September 17, 2004

Oily Scallion Cakes

I stole this from Mrs. Chiang's Szechwan Cookbook in 1994, and have since used, abused and simplified it many, many times. Posted now because I figure the statute of limitations must have expired.

4 cups wheat flour
1 1/3 cup water
20 scallions (about two bunches)
4 teaspoons salt
12 teaspoons sesame oil
Olive oil

Chop the scallions into disks, as thin as possible. Mix the scallions, the flour and the water thoroughly --- you'll find that a stirring-spoon is much easier to clean off than your hands --- and leave the whole thing alone for half an hour.

Take the mix and divide it into handfuls, say one for each cup of flour you used originally. Press a handful out on an oiled surface until it makes a circle about eight inches across. Sprinkle on this one tea-spoon of salt and three of sesame oil, and spread these evenly and thoroughly over the surface. (Getting the salt even is especially important.) Fold the circle back up into a ball and spread it out again. It is now ready to be fried in the oil. Fry each side until it's a dark but still golden brown; a very small degree of blackening doesn't matter.

Cold scallion cakes are, to my taste, fine (particularly the next morning...), but they reheat nicely in ovens and microwaves.

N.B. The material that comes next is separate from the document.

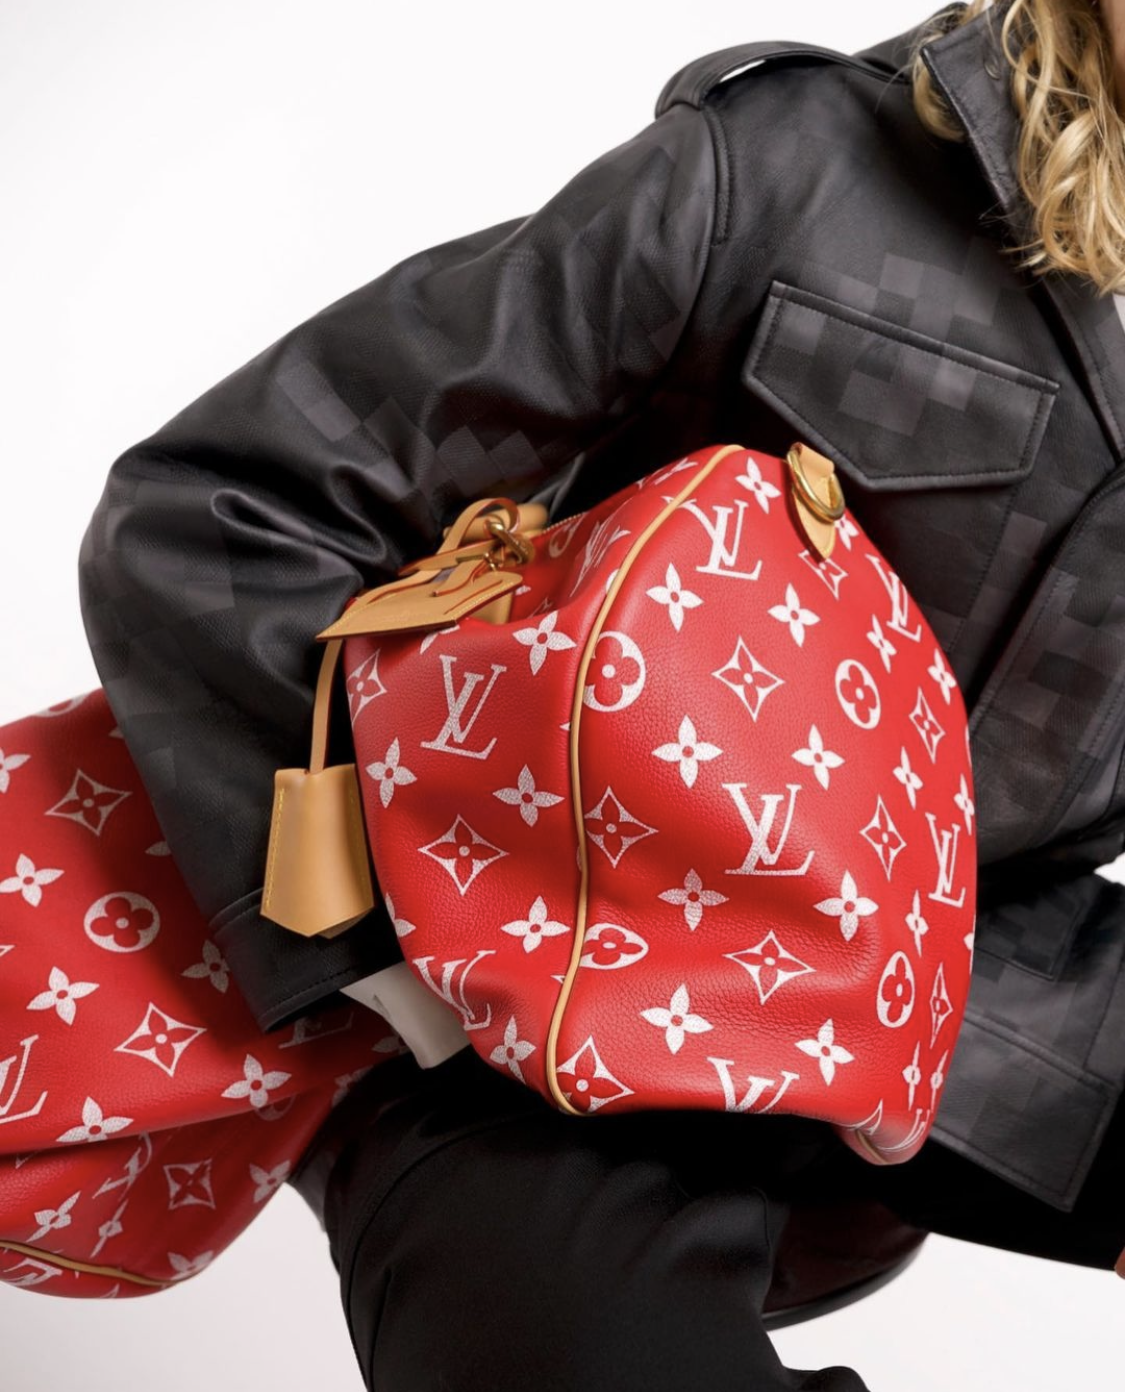 Louis Vuitton reveals New Classics line of men's bags - Duty Free

Notes on ingredients. Over-all proportions. This is scaled to make enough for about eight people. If you want more or less, simply change everything proportionally (i.e., 1/3 cup water and 5 scallions per cup flour). This kind of thinking doesn't work for baking, but this isn't baking. Scallions. Chives, leeks, or the herb called "Chinese chives" (gandana in Afghanistan) can be substituted to taste. Oil. Peanut oil, or even lard, is more authentic, but frankly does nothing for the taste or the already negligible nutritional value.

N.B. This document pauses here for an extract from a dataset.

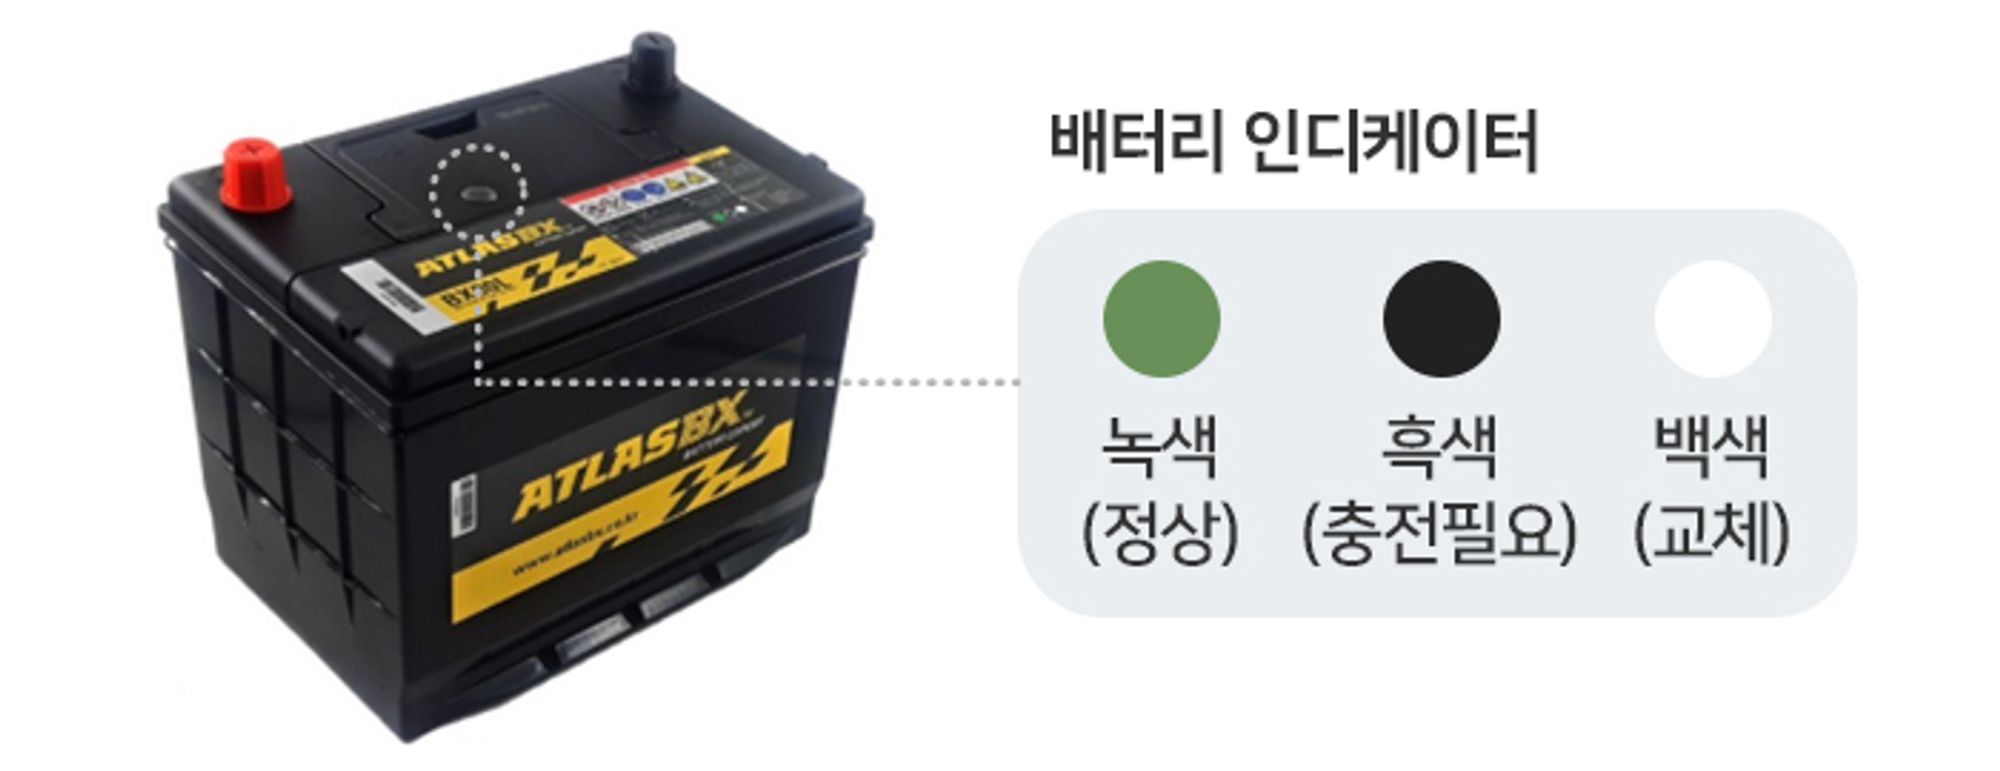 자동차 배터리 교체, 자동차 배터리 확인을 위한 배터리 인디케이터, 녹색: 정상, 흑색: 충전 필요, 백색: 교체

Things which don't work very well. (1) Adding the salt to the mix at the beginning --- it tends to dessicate the scallions, and so make the mix soggy. (2) Baking the cakes --- they don't taste nearly as good as they do when fried. (3) Leaving the scallions out of the mix and adding them at the same stage as the salt and sesame oil. This is the traditional way, and the one Mrs. Chiang recommends. It involves carefully rolling the cake up, and even more carefully folding it out again for frying, and then frying it with kid gloves. The cakes almost always burst on me, and it doesn't do anything for their taste when it works anyway.

A tasty dipping sauce

9 tablespoons soy sauce
3 tablespoons sesame oil
5 tablespoons vinegar
3/4--1 inch ginger root, chopped very fine.
Chili-garlic sambal, to taste

Mix everything thoroughly before setting out for people to dip their cakes in.

Notes on the sauce. Soy sauce. Almost any kind will do. I like using ponzu sauce instead of regular soy sauce. Vinegar. Especially if you're not using much or any sambal, consider using a hot vinegar, either from an Asian grocery store with Indonesian or Malay connections, or simply making your own. (Put dried red chili peppers in the vinegar to soak for a few days. In fact, leave them in there and keep refilling the jar with fresh vinegar.)